[Opening The data section]

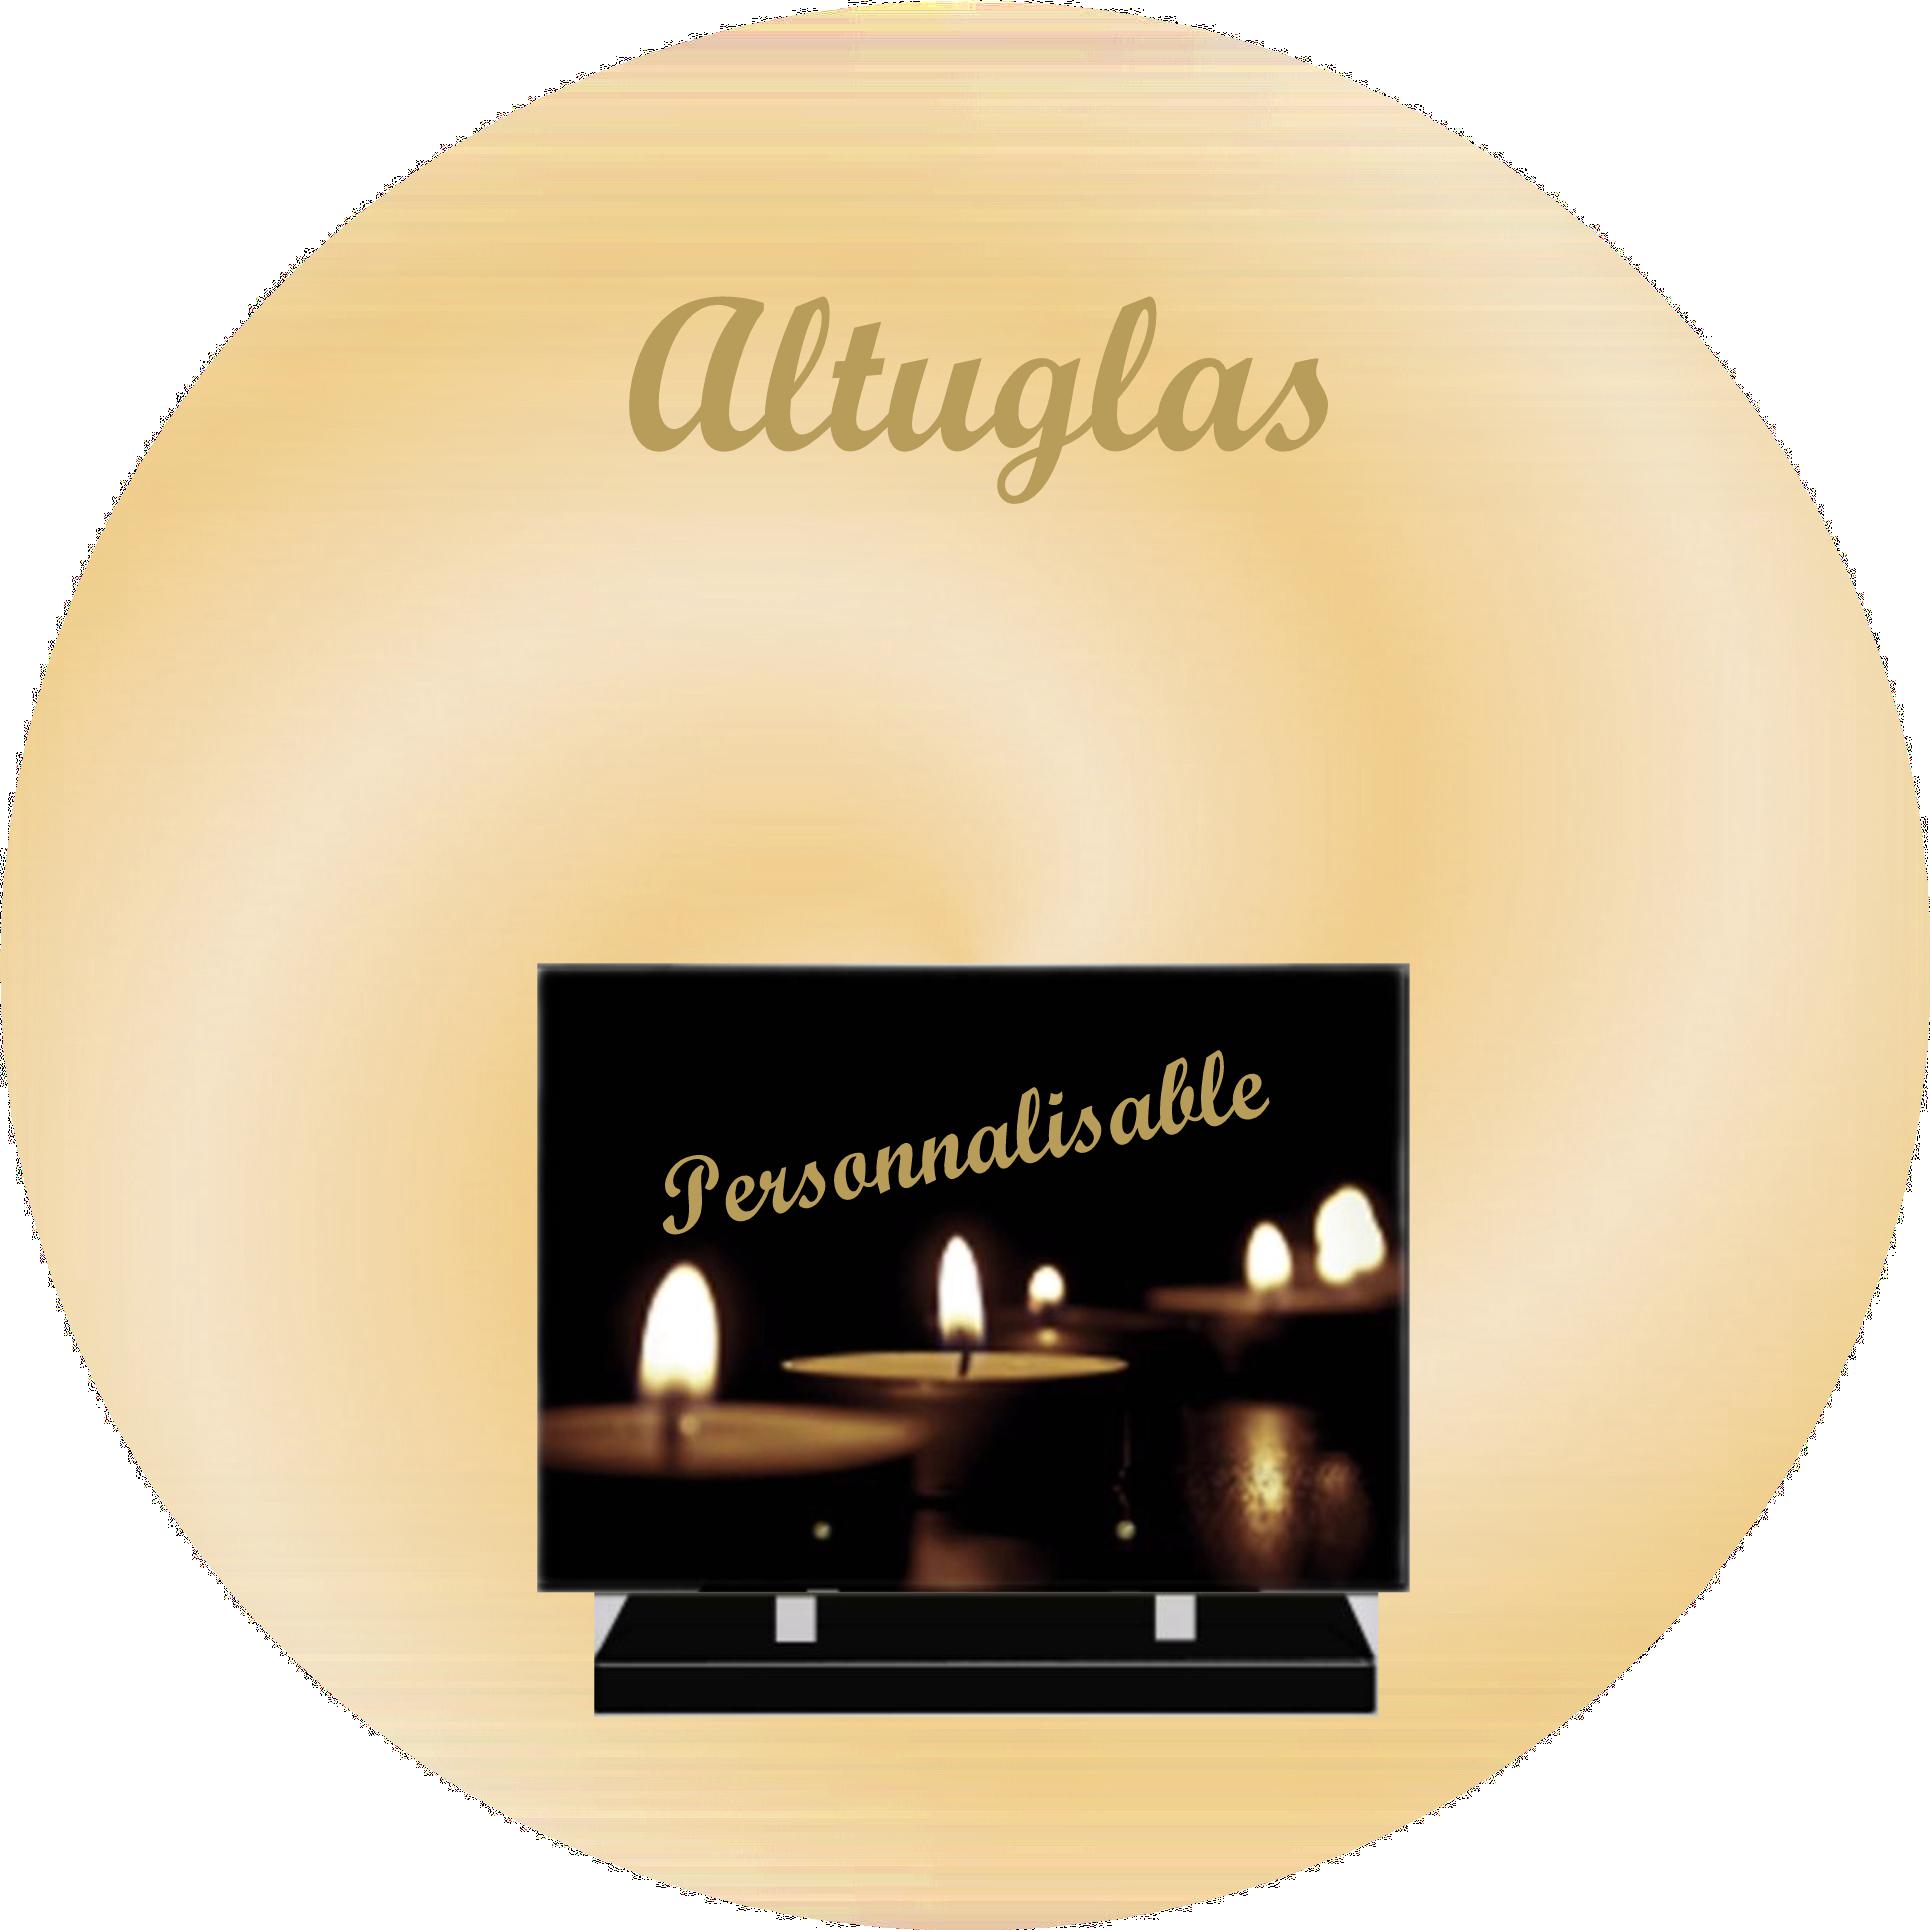 plaques altuglas personnalisables
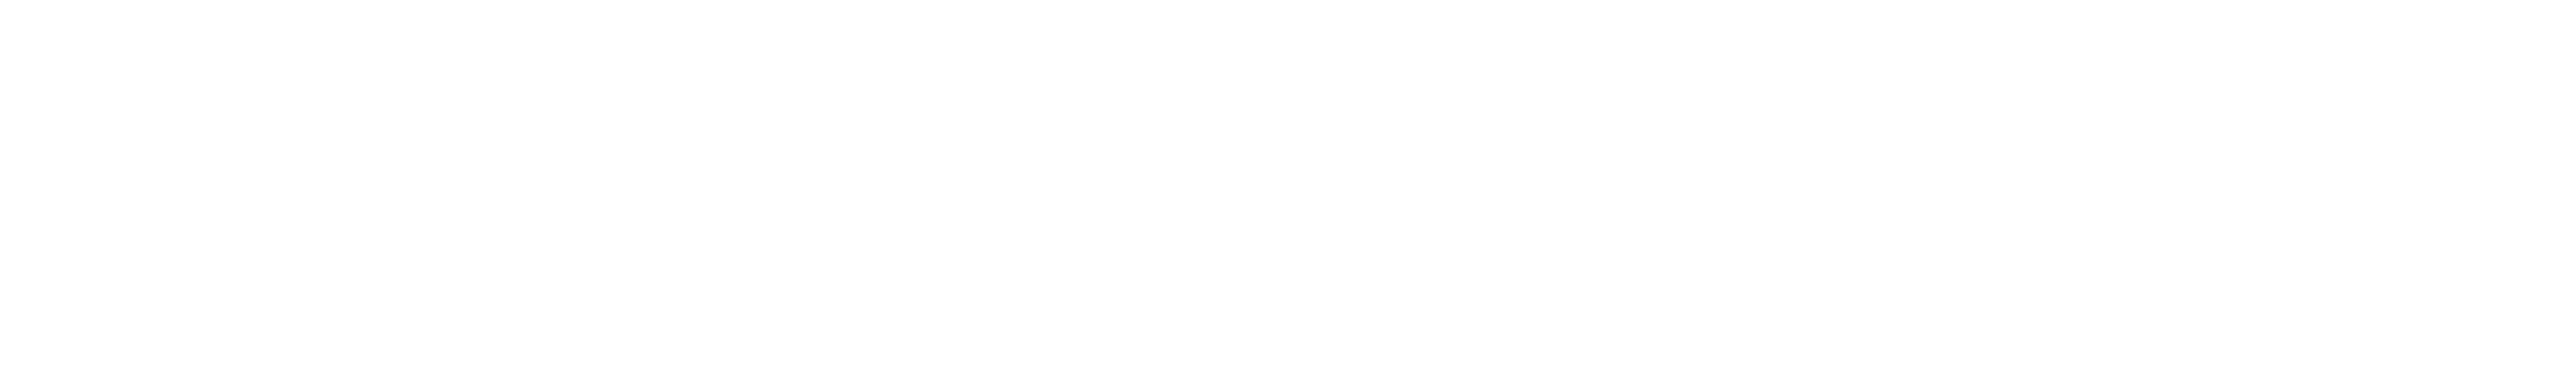 Neuroscience PhD Program - Berkeley Neuroscience
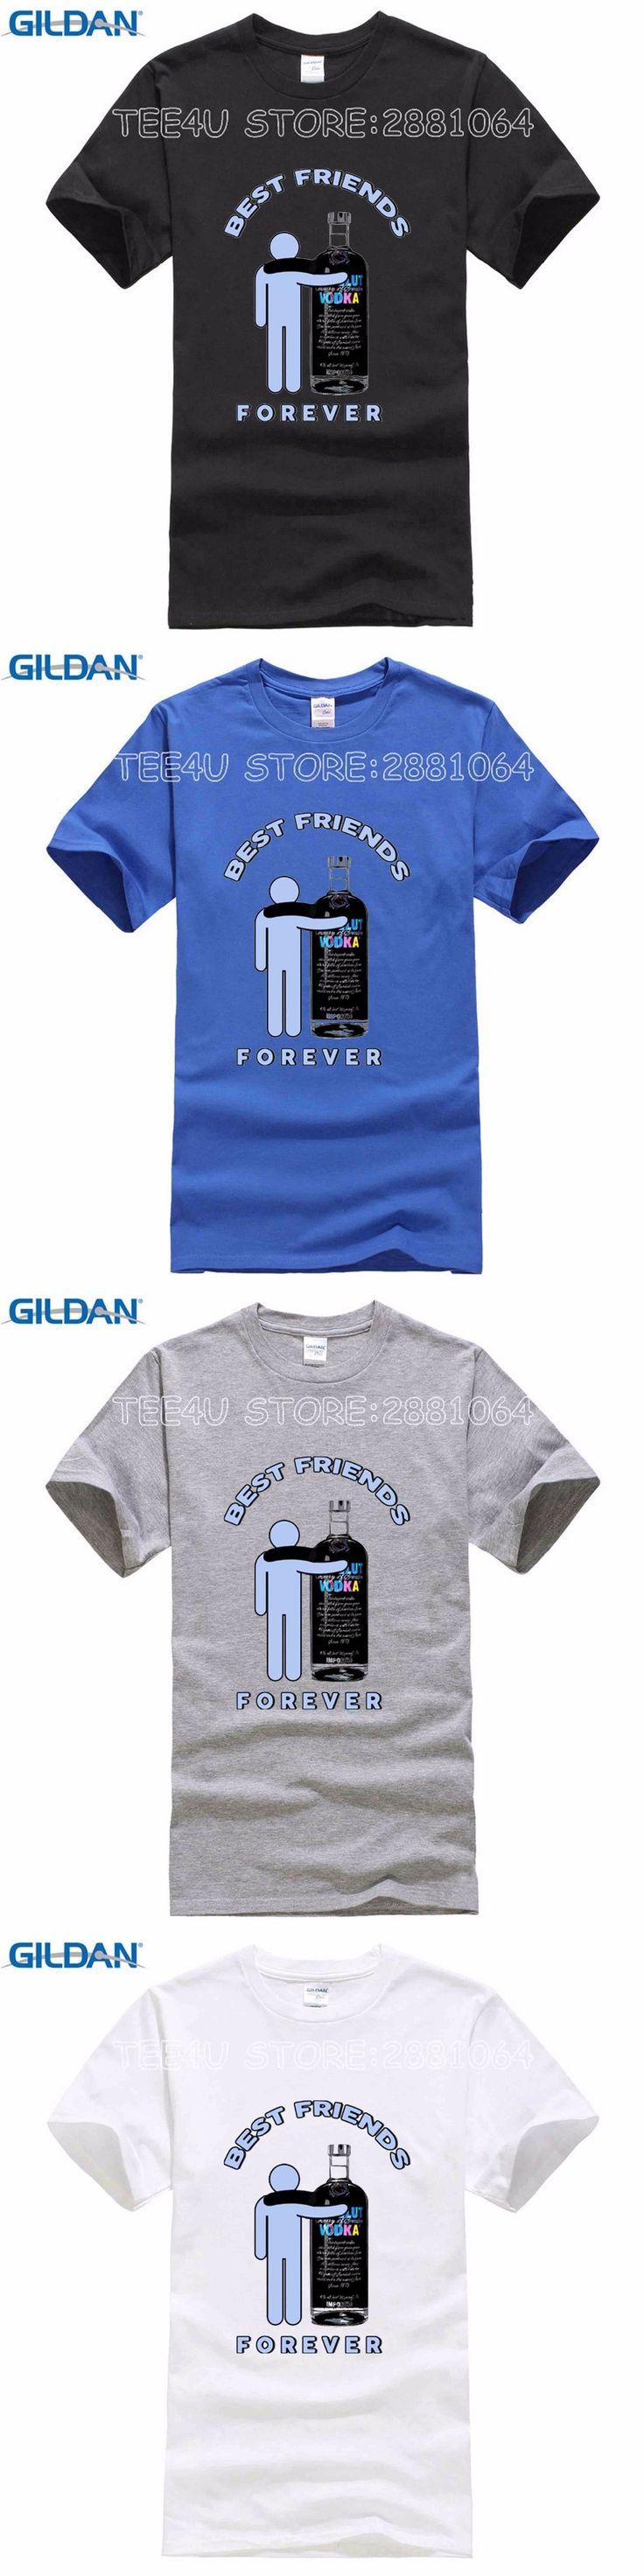 Best Friends Forever Print Long Sleeve T Shirt Men Russian Absolute Vodka Drinking Wine Male Autumn T-shirts Cotton Tee

[Closing The data section]

» What you should do: Your reply should hold every line above exactly as written and none of the pictures.

» Answer area:
 plaques altuglas personnalisables
 Neuroscience PhD Program - Berkeley Neuroscience
 Best Friends Forever Print Long Sleeve T Shirt Men Russian Absolute Vodka Drinking Wine Male Autumn T-shirts Cotton Tee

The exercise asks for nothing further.